The findings of this study represent an opportunity for identifying subjects with PC or a high-risk of developing PC. Consider, for example, current CRC screening guidelines, which suggest that the benefit of identifying early-stage CRC (i.e. the increase in 5-year survival) via endoscopic examination in an asymptomatic population with an incidence rate of 0.05% [
54] outweighs the combined risks of complications from endoscopy and late-stage detection mortality. Given the current PC incidence rate of approximately 9.5/100,000 (0.0095%), a blood test with 95% specificity and sensitivity approaching 90% would yield a PC detection rate of approximately 8.6 per 5000 positive tests, or 0.17%. This represents an 18-fold increase in PC risk over average-risk subjects given a positive PC-594 test, and a 3-fold higher incidence rate than the current incidence considered sufficient for colonoscopy-based screening of CRC in the general population. Considering the high mortality rate of late-stage detection, the benefits of endoscopic screening in a small population of high-risk subjects with low PC-594 levels becomes obvious.
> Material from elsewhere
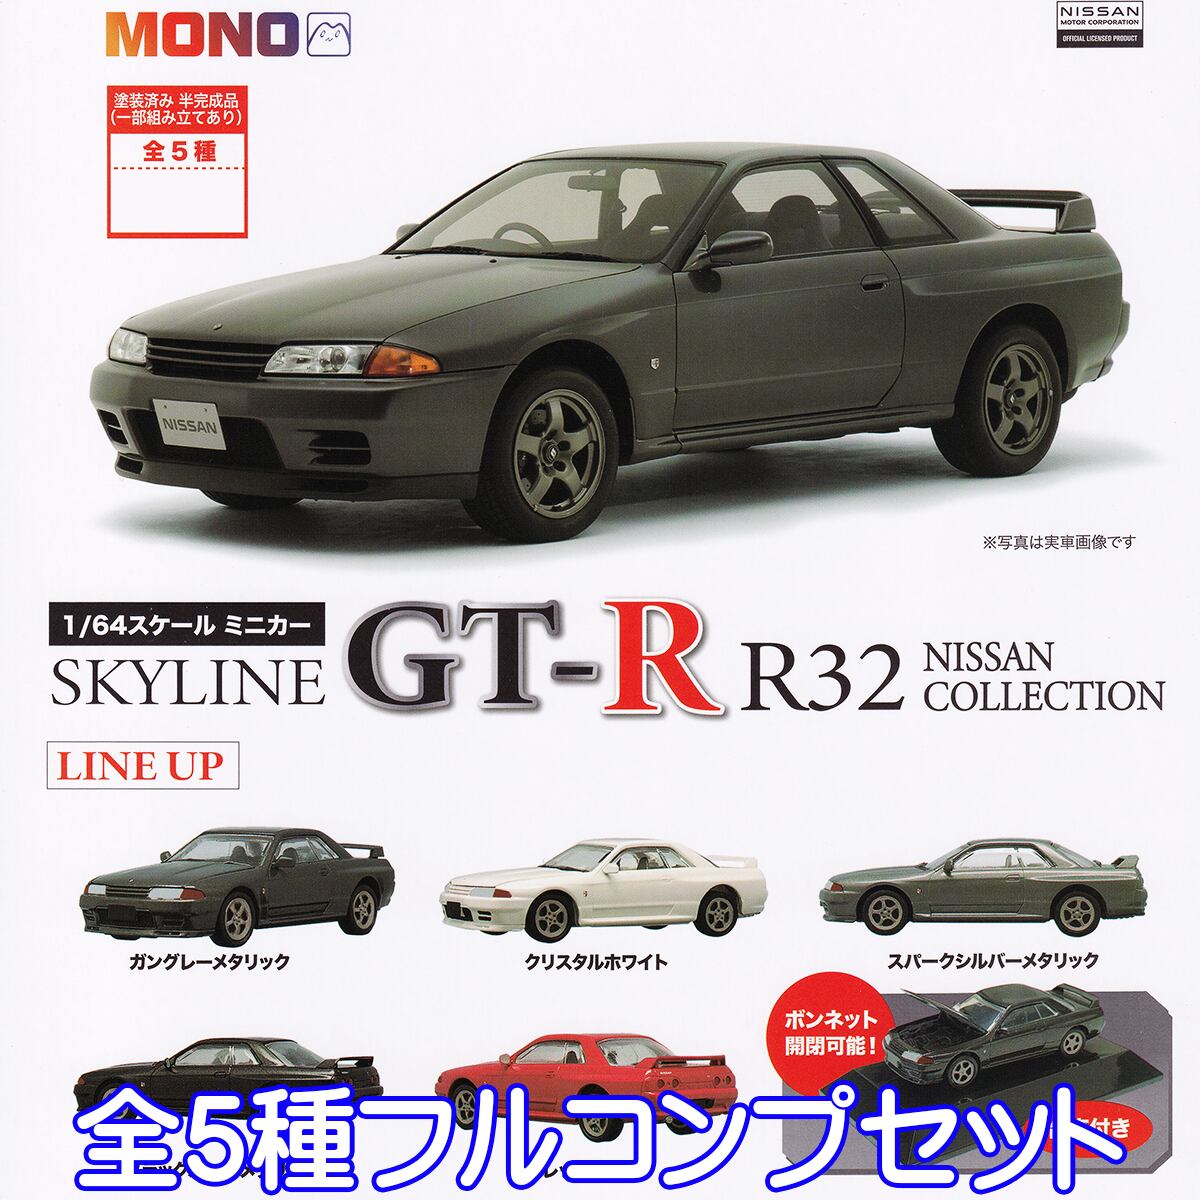 NISSAN　GT-R ジオラマセット　R32〜 MINI-gt 1/64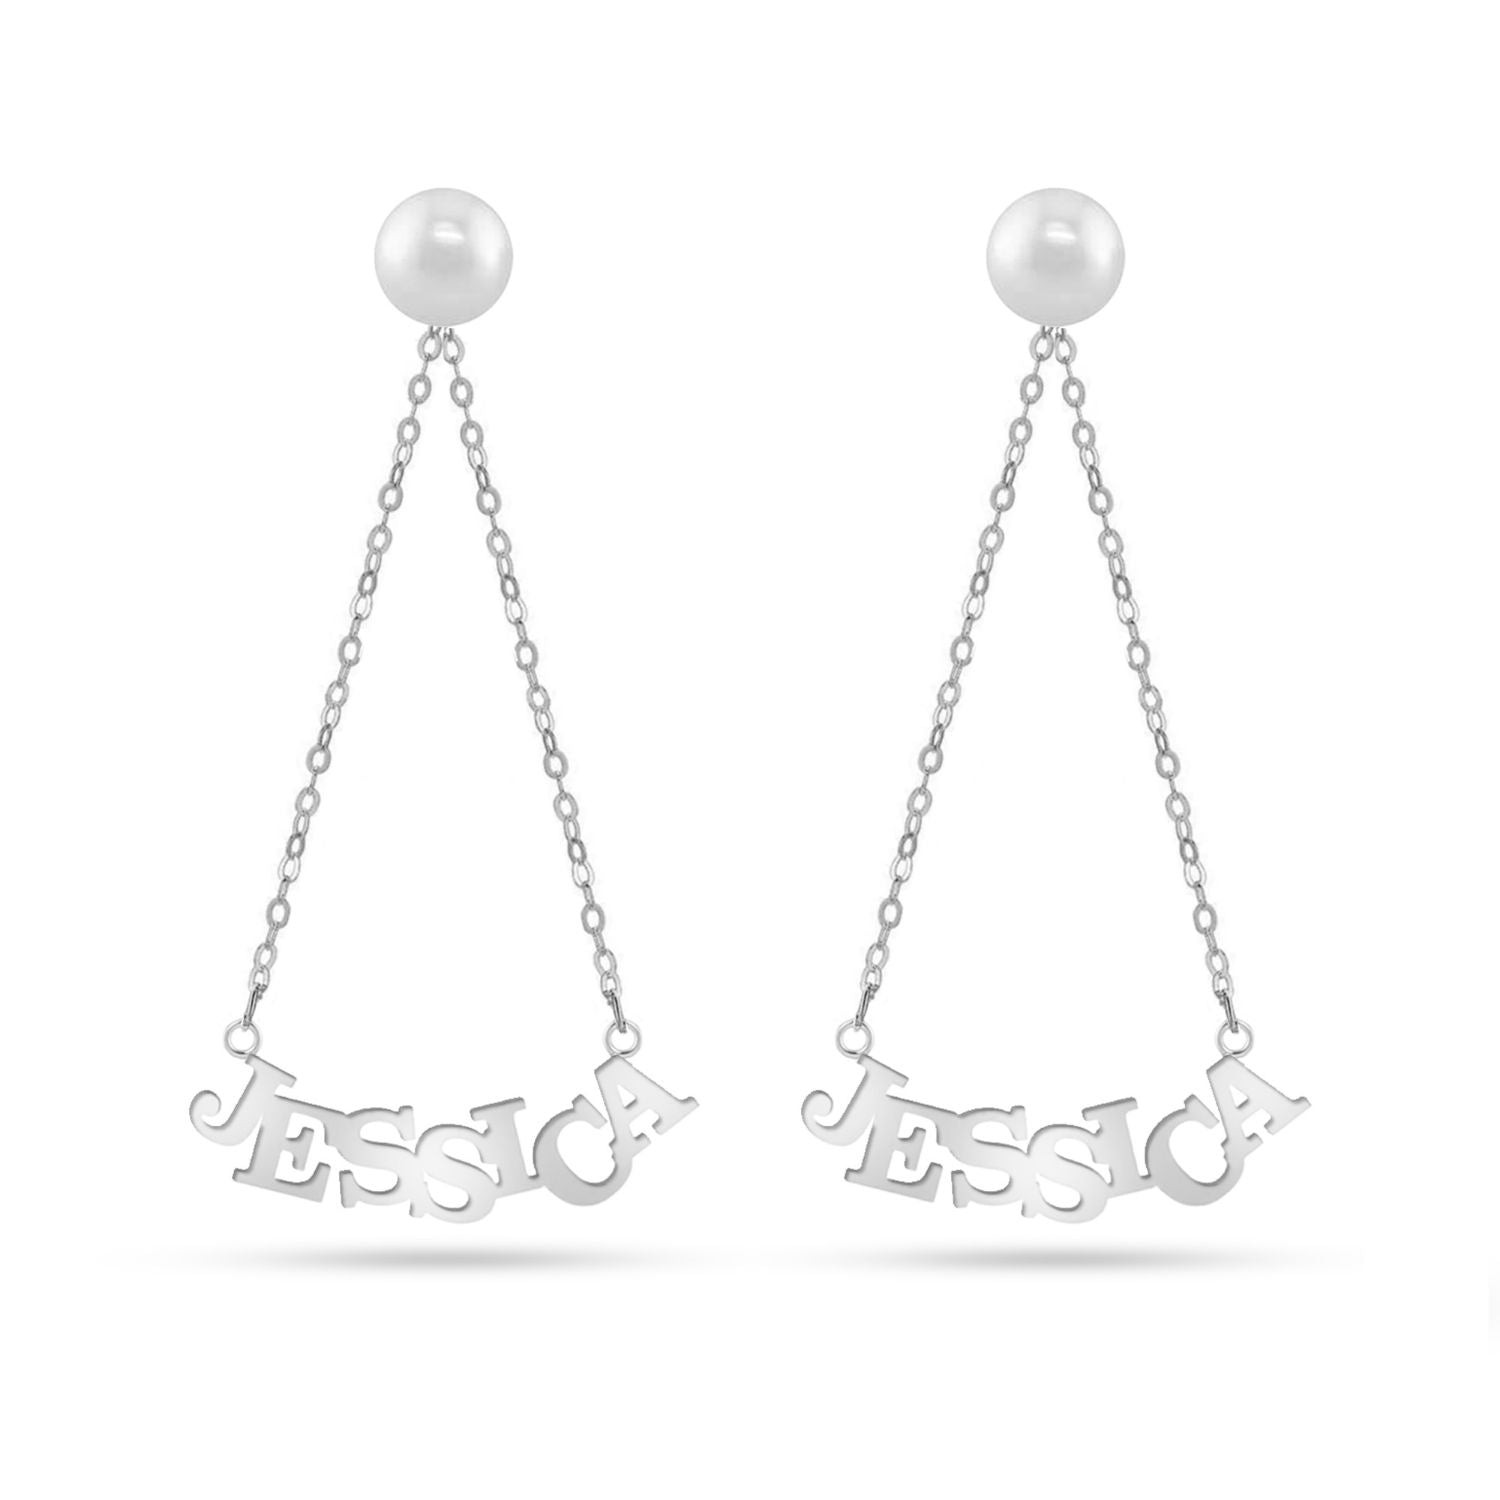 Personalised 925 Sterling Silver Name Dangler Earrings for Teen Women

Improved clinical benefit was further supported by the results of decision curve analysis, which showed significant net clinical benefit above all p
t
’s greater than 10% compared to screening all subjects with EUS, which was not surprising given the high discriminating ability of PC-594. The results of our studies clearly implicate a circulating reduction of PC-594 in PC, and establish the foundation for designing future prospective trials to determine the net clinical benefit of PC-594 screening in the true average-risk population.
Competing interests
Shawn Ritchie, Wei Jin, Elodie Pastural, Tolulope Sajobe, Dushmanthi Jayasinghe, Bassirou Chitou and Yasuyo Yamazaki were paid employees of Phenomenome Discoveries, Inc. Dayan Goodenowe is a director of Phenomenome Discoveries, Inc. The other authors of have no competing interests. Phenomenome Discoveries, Inc. financed the publication costs of this paper. Part of the results discussed in this paper have been provisionally filed for patent (U.S. application number 13/499,369).
Authors’ contributions
SAR, HA, IT, YY and DBG designed the metabolomic studies. SAR and DBG were the primary authors. IT, HE, HN, MM, YD and MM were responsible for the Japanese trial design, patient enrollment, clinical data management and interpretation of findings. SAR and EP performed multivariate statistics and analysis of FI-FTICR-MS and FI-TQ-MS/MS data. BC and TTS performed the Random Forest, jitter plots, ROC and clinical performance statistical analyses. TTS performed the calibration and decision curve analysis. DJ and WJ developed the FI-TQ-MS/MS assays. TW was responsible for the USA Caucasian study design and blinded analysis. All authors had input, read, and agree with the contents of the manuscript. All authors read and approved the final manuscript.